RECORDS SUPPLIED:
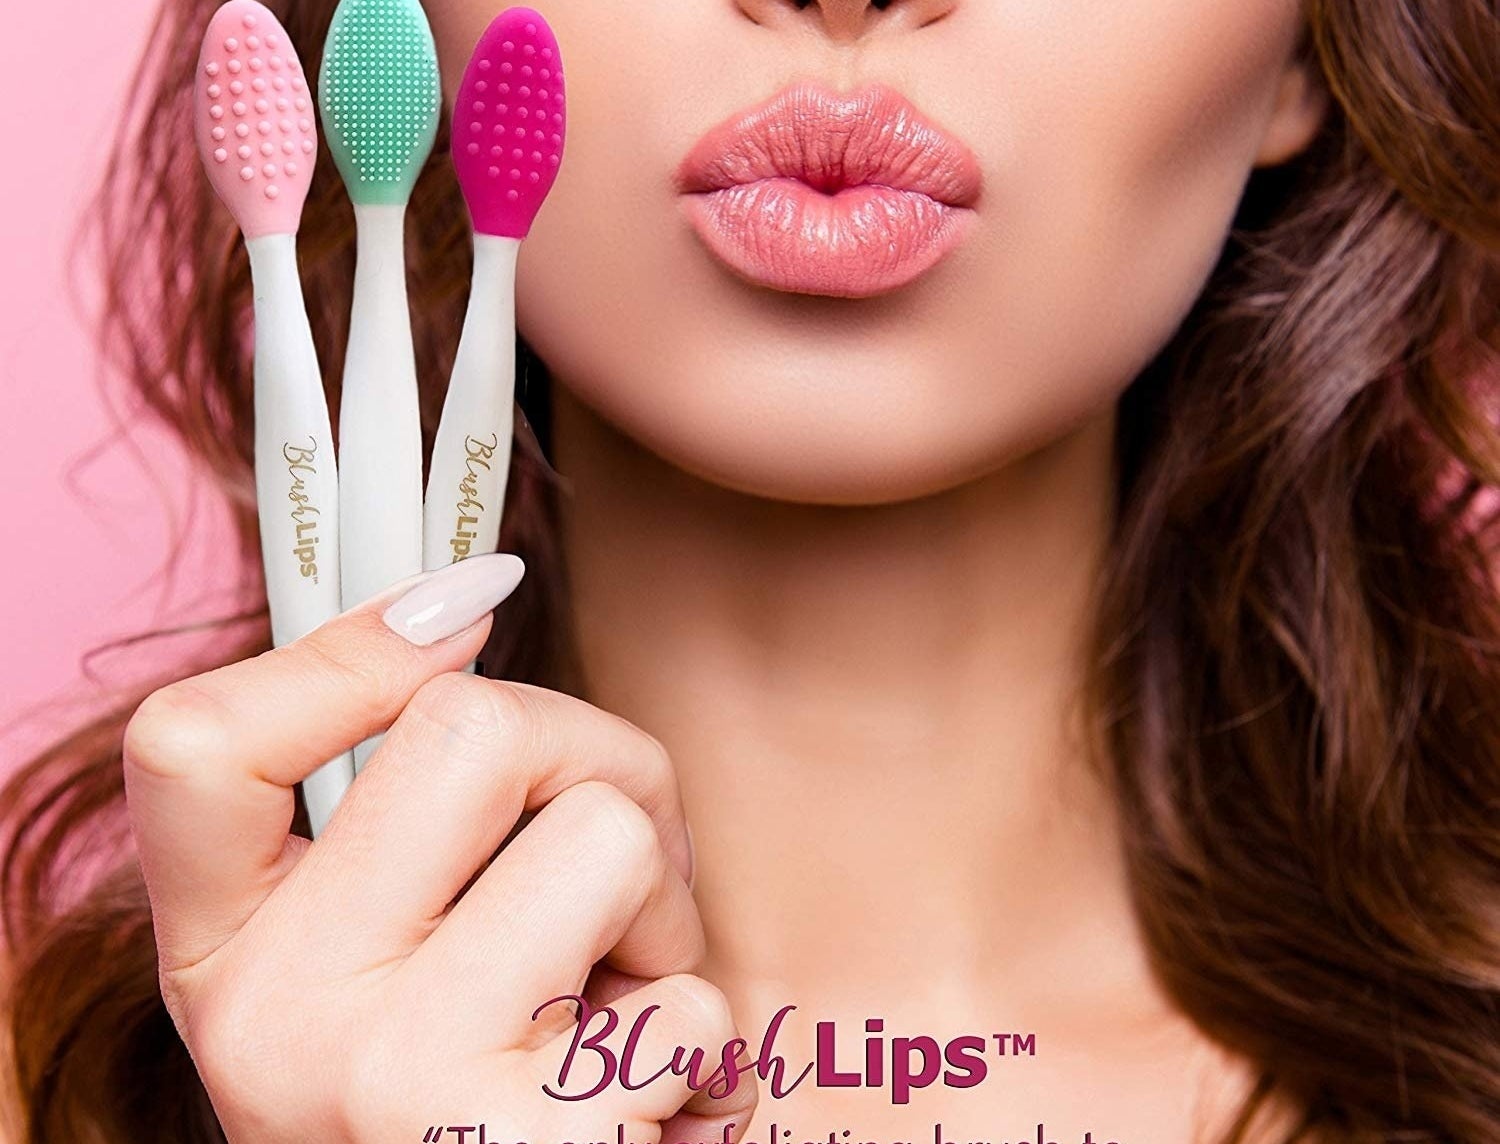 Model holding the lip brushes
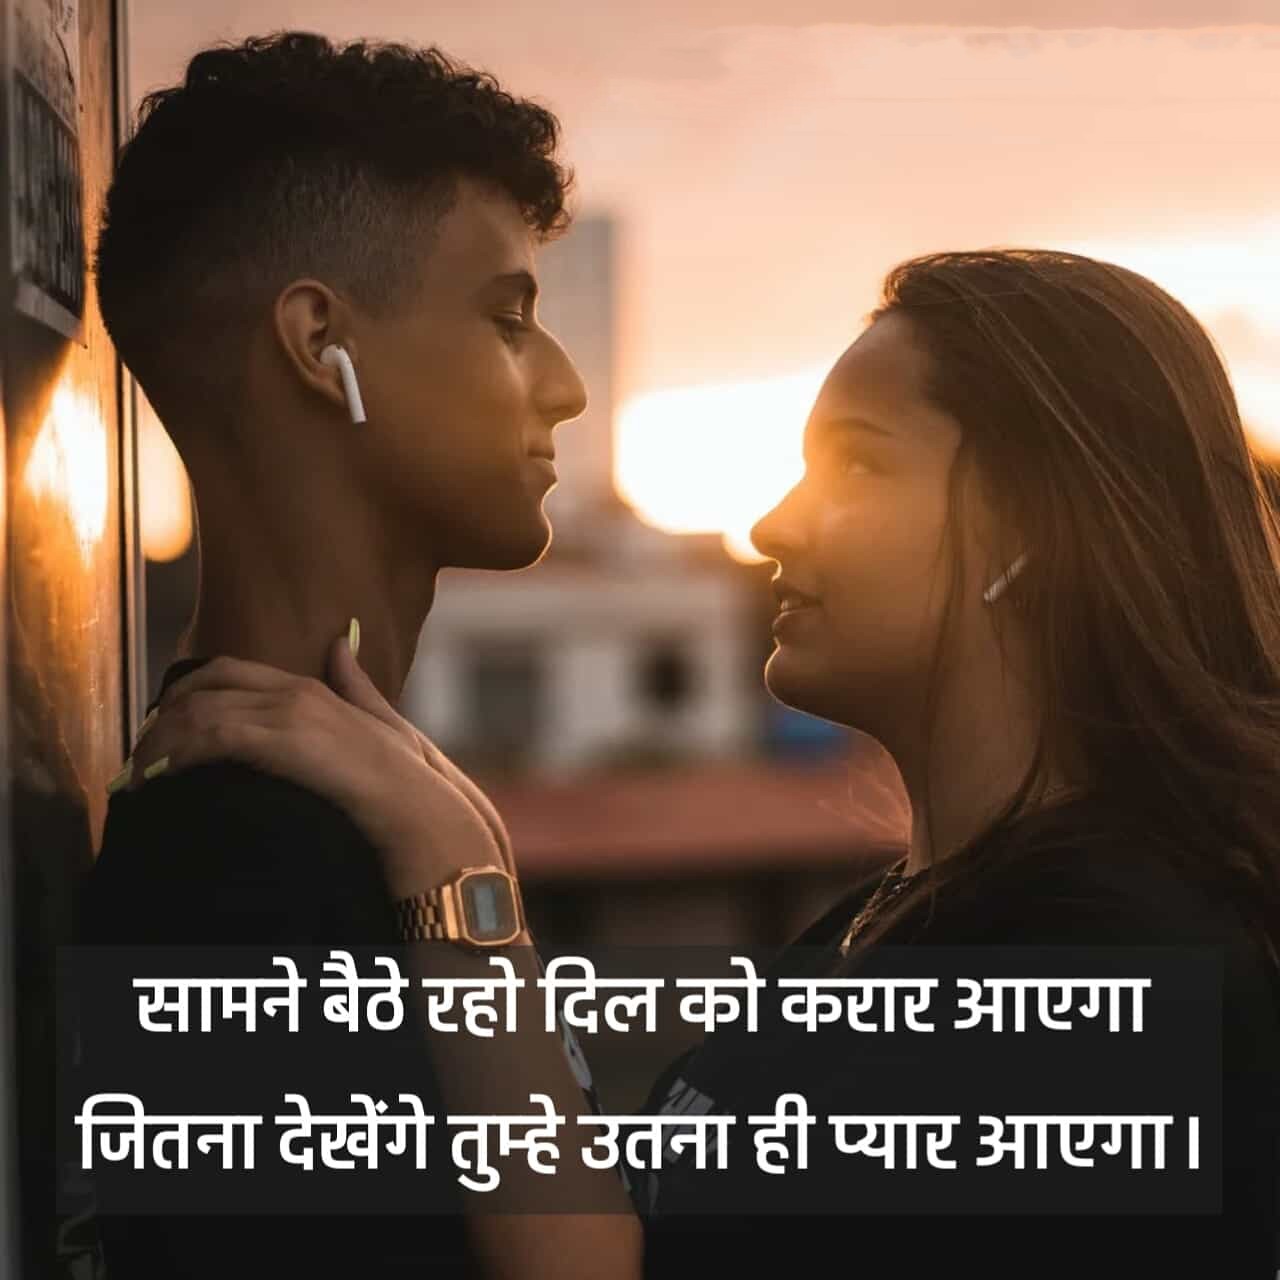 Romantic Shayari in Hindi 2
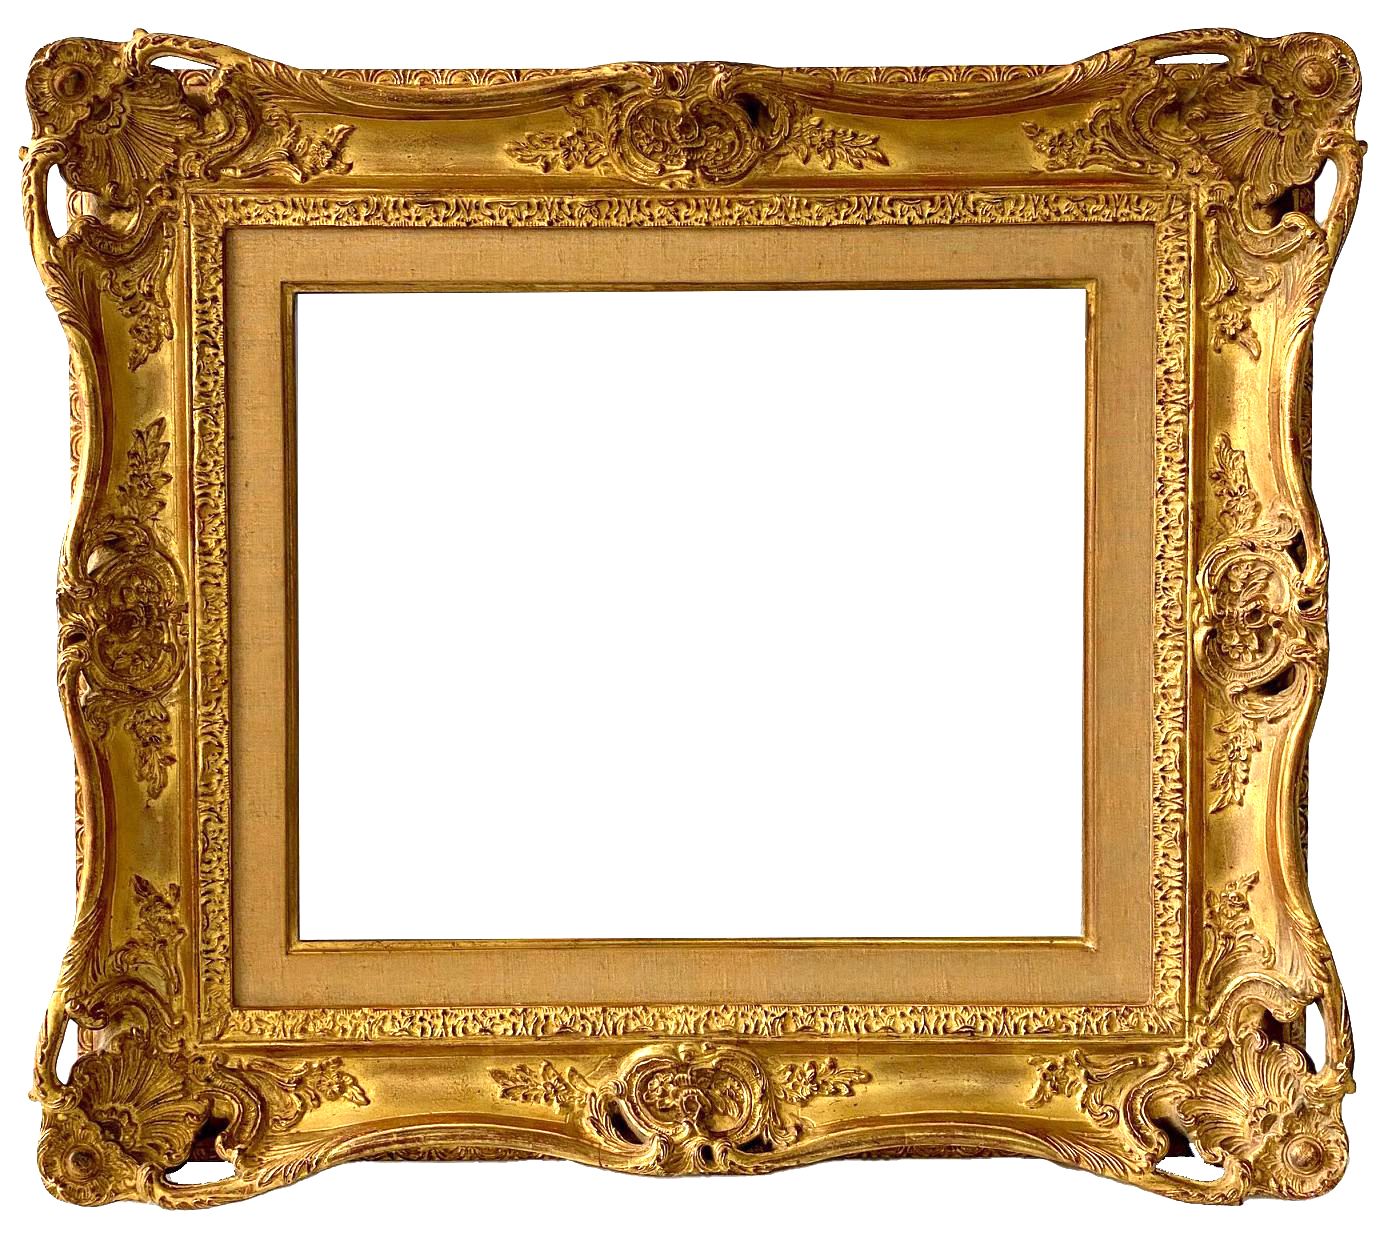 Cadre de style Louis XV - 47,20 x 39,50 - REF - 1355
* * *
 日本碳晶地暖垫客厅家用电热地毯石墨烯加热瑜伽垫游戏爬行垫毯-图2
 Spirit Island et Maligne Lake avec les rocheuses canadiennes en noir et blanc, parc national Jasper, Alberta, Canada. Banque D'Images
* * *
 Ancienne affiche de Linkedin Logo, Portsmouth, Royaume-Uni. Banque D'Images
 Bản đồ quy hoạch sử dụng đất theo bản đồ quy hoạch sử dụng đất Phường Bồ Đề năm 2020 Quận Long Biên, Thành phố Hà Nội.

YOUR ASSIGNMENT:
If a line in the material contains "Images", show it.

WORKED SOLUTION:
 Spirit Island et Maligne Lake avec les rocheuses canadiennes en noir et blanc, parc national Jasper, Alberta, Canada. Banque D'Images
 Ancienne affiche de Linkedin Logo, Portsmouth, Royaume-Uni. Banque D'Images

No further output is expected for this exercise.